Candace Owens: If a Black woman can play Anne Boleyn, then a white man should play Obama

The conservative firebrand weighed in on the buzzy casting of Jodie Turner Smith playing famed queen Anne Boleyn

Published June 4, 2021 5:25PM (EDT)

Jodie Turner-Smith portrays Anne Boleyn in an upcoming drama | Candace Owens (Photo illustration by Salon/Getty Images/UK Channel 5)
Jodie Turner-Smith portrays Anne Boleyn in an upcoming drama | Candace Owens (Photo illustration by Salon/Getty Images/UK Channel 5)

Last fall, UK broadcaster Channel 5 announced that Jodie Turner Smith, a Black woman and star in comedy-thriller "Queen & Slim," would play Anne Boleyn, the second, doomed wife of Henry VIII, in an upcoming historical drama series called "Anne Boleyn." Smith's casting and her acting have been widely praised, but of course, that hasn't stopped an onslaught of racist backlash in response to her playing a white, English queen from the 16th century. 

This week, a new voice entered the chat on Smith's casting, as conservative firebrand Candace Owens weighed in via tweet. "I'm actually totally fine with Jodie Turner playing the role of Anne Boleyn so long as the radical left promises to keep their mouth shut if in the future Henry Caville [sic] is selected to play Barack Obama and Rachel McAdams can play Michelle," Owens wrote. "Not double standards- K?"

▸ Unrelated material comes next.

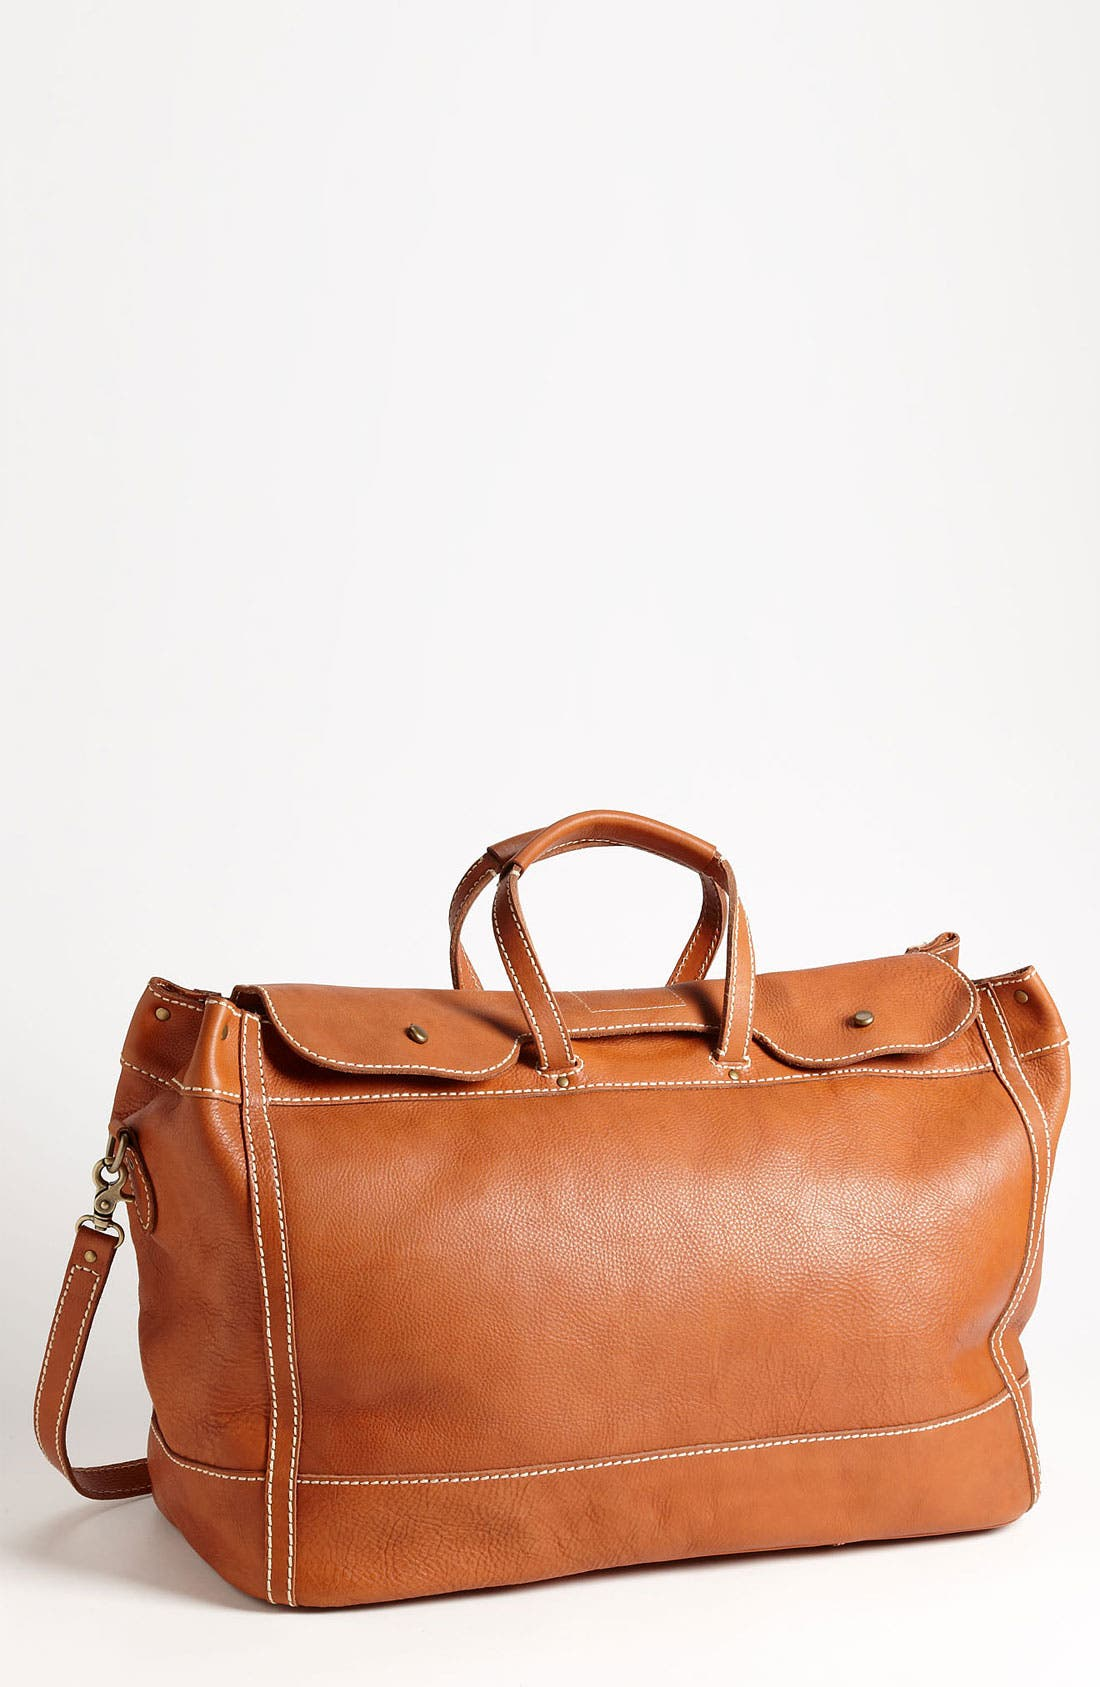 Main Image - Jean Shop 'Signature' Bag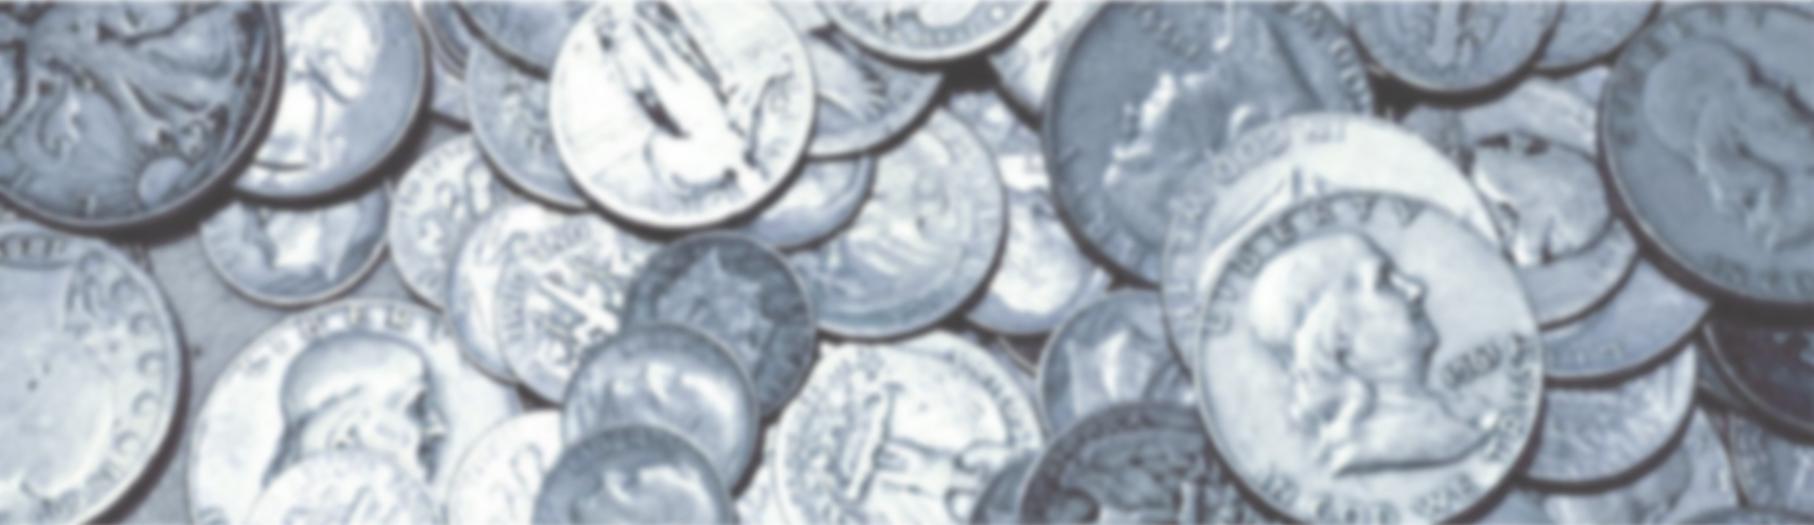 coins-bg

Owens, as usual, has remarkably missed the point, here, which is that people of color playing white historical figures or famous people isn't the same thing as white people playing people of color. The former poses a meaningful challenge to white supremacist power structures, and helps begin to make up for years of entertainment industry whitewashing — the latter simply builds upon said entertainment industry whitewashing. Very different things. 

It's also worth noting historical dramas take liberties all the time with their portrayals of history, and historical figures' appearances. Specific to the story of Anne Boleyn and Henry VIII, as Anita Singh points out in the Telegraph, Showtime's "The Tudors" represented the aging, famously rotund, redheaded king as thin, handsome, and sensual, well into the later parts of his life, as he was played by then-30-something Jonathan Rhys Meyers. Yet, historical liberties that uphold whiteness and serve the white gaze don't draw the same backlash about being true to history.

One thing we can agree with Owens on is that a movie starring Henry Cavill and Rachel McAdams as a loving married couple sounds like a great movie — just not playing the Obamas, please.

In a recent interview for Smith's cover story with Glamour, the actor recounts ultimately not being surprised by racism she faced in being cast as the mother of Elizabeth I. "I did know it would be something that people felt very passionately about, either in a positive or a negative way, because Anne is a human in history who people feel very strongly about," Smith said. "More than anything, I wanted to tell the human story at the center of all of this."

And she's right: Anne Boleyn is a well-known and oft-maligned historical figure, whose most famous historical fiction portrayals don't exactly paint her in the best of lights. "The Other Boleyn Girl" and "Wolf Hall" — historical dramas based on popular novels — portray the queen as a cold, scheming homewrecker void of redeeming qualities. But the truth is, as Smith points out, Anne's was ultimately a "human story," one of a complicated woman who was certainly ambitious, and a passionate advocate for church reform and wealth redistribution. Anne was also a loving mother, something Smith told Glamour she could relate to, and Anne was eventually betrayed and killed by her own husband in one of the great tragedies of the long history of British queens. 

Anne's story has been told and reimagined dozens of times, including by Showtime in its sympathetic and critically acclaimed portrayal of her by Natalie Dormer on "The Tudors." Pop culture references to the queen who lost her head are so frequent and popular that they're even the subject of Susan Bordo's 2013 feminist cultural study, "The Creation of Anne Boleyn." But Smith's performance as Anne in "Anne Boleyn" will mark the first time a non-white woman plays her onscreen — an exciting casting choice that arguably honors the late queen's penchant for breaking with tradition, and being an "outsider" at the royal court.

Despite racist attacks and offensive comments like Owens', Smith's role in "Anne Boleyn" marks an exciting win for diversity in media. The first of the three-part series premiered on Channel 5 on Tuesday this week.